Six attaques sur la même commune

« La préfète a été très réactive, souligne Pierre Monteil, de Jeunes Agriculteurs (JA). Elle a pu prendre conscience du désarroi des éleveurs de la région. » Six attaques ont déjà eu lieu sur la même commune alors que les animaux viennent seulement de sortir au pâturage sur ces communes perchées à 1000 mètres d’altitude.

Les prédateurs sont à l’affût. Ils interviennent à n’importe quelle heure. « À proximité d’une route, d’un village, dans une parcelle bien clôturée. Comment réagir face à ce genre d’attaque », s’insurge Adrien Pauc, responsable ovin au sein de JA de Lozère.

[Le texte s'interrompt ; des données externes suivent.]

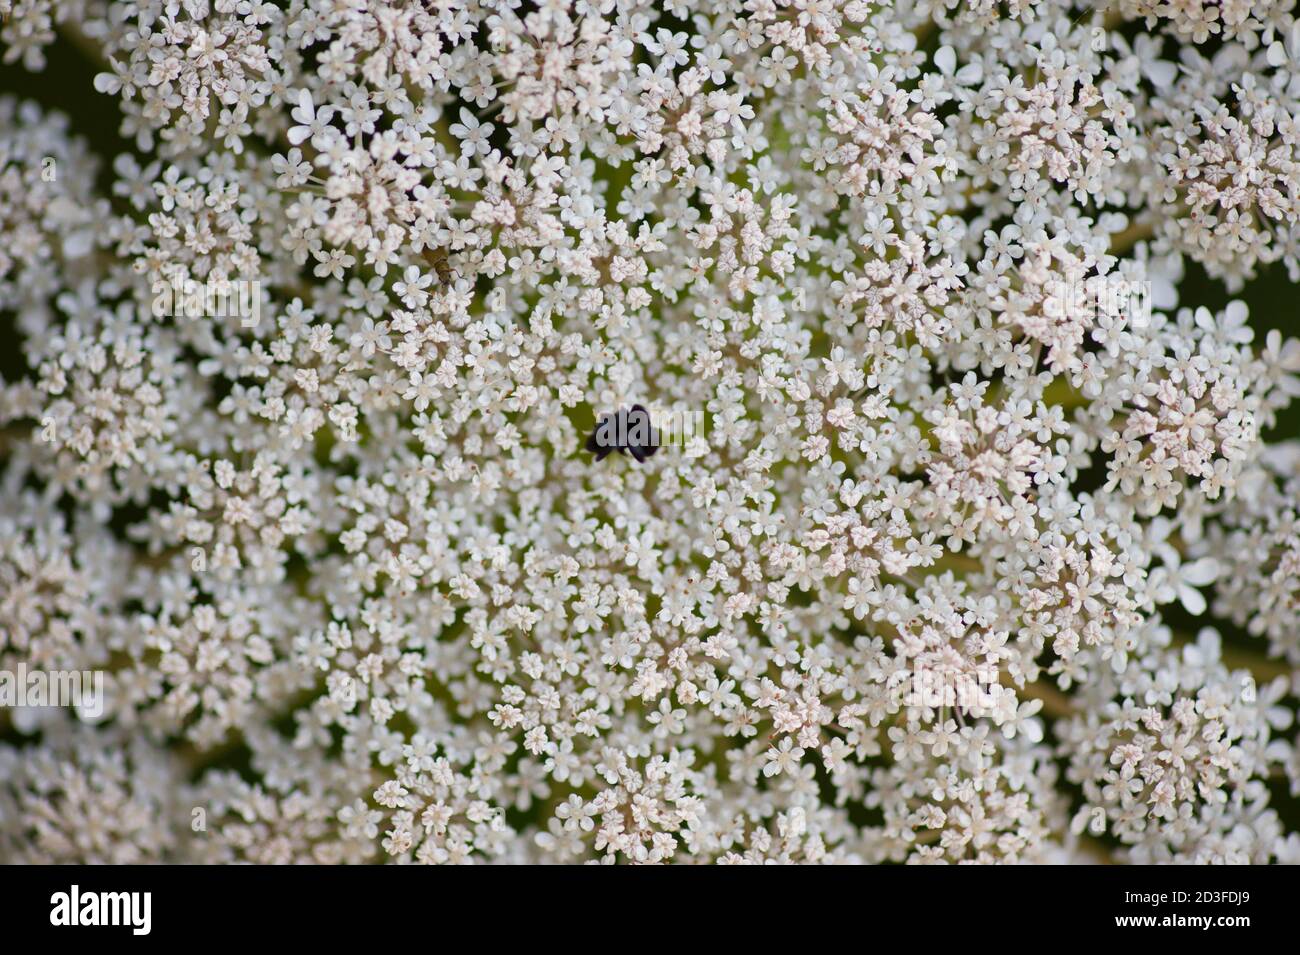 Wild carrot flower detail, Apiaceae, Umbelliferae, celery, parsley family, family of aromatic plants Stock Photo

Les loups souvent disculpés

Le verdict des agents de l’OFB n’est pas encore tombé. « Tout est organisé pour disculper le prédateur », se désole Pierre Monteil. Les agents ont mesuré l’impact des crocs au cou et la responsabilité du loup devrait être reconnue dans le cas présent. « Les veaux et les chevaux ne sont pas attaqués au cou, la prédation par les loups n’est jamais retenue, regrette le responsable, qui espère que des solutions seront mises en œuvre pour faire baisser la pression sur les troupeaux dans le secteur.

La préfète a proposé aux exploitants de prendre des patous pour défendre le troupeau. « C’est une solution compliquée dans notre région, dans la mesure où les touristes sur les chemins sont nombreux », ajoute Pierre Monteil.

À lire aussi : Une jument dévorée par les loups (05/03/2020)

M.-F. M.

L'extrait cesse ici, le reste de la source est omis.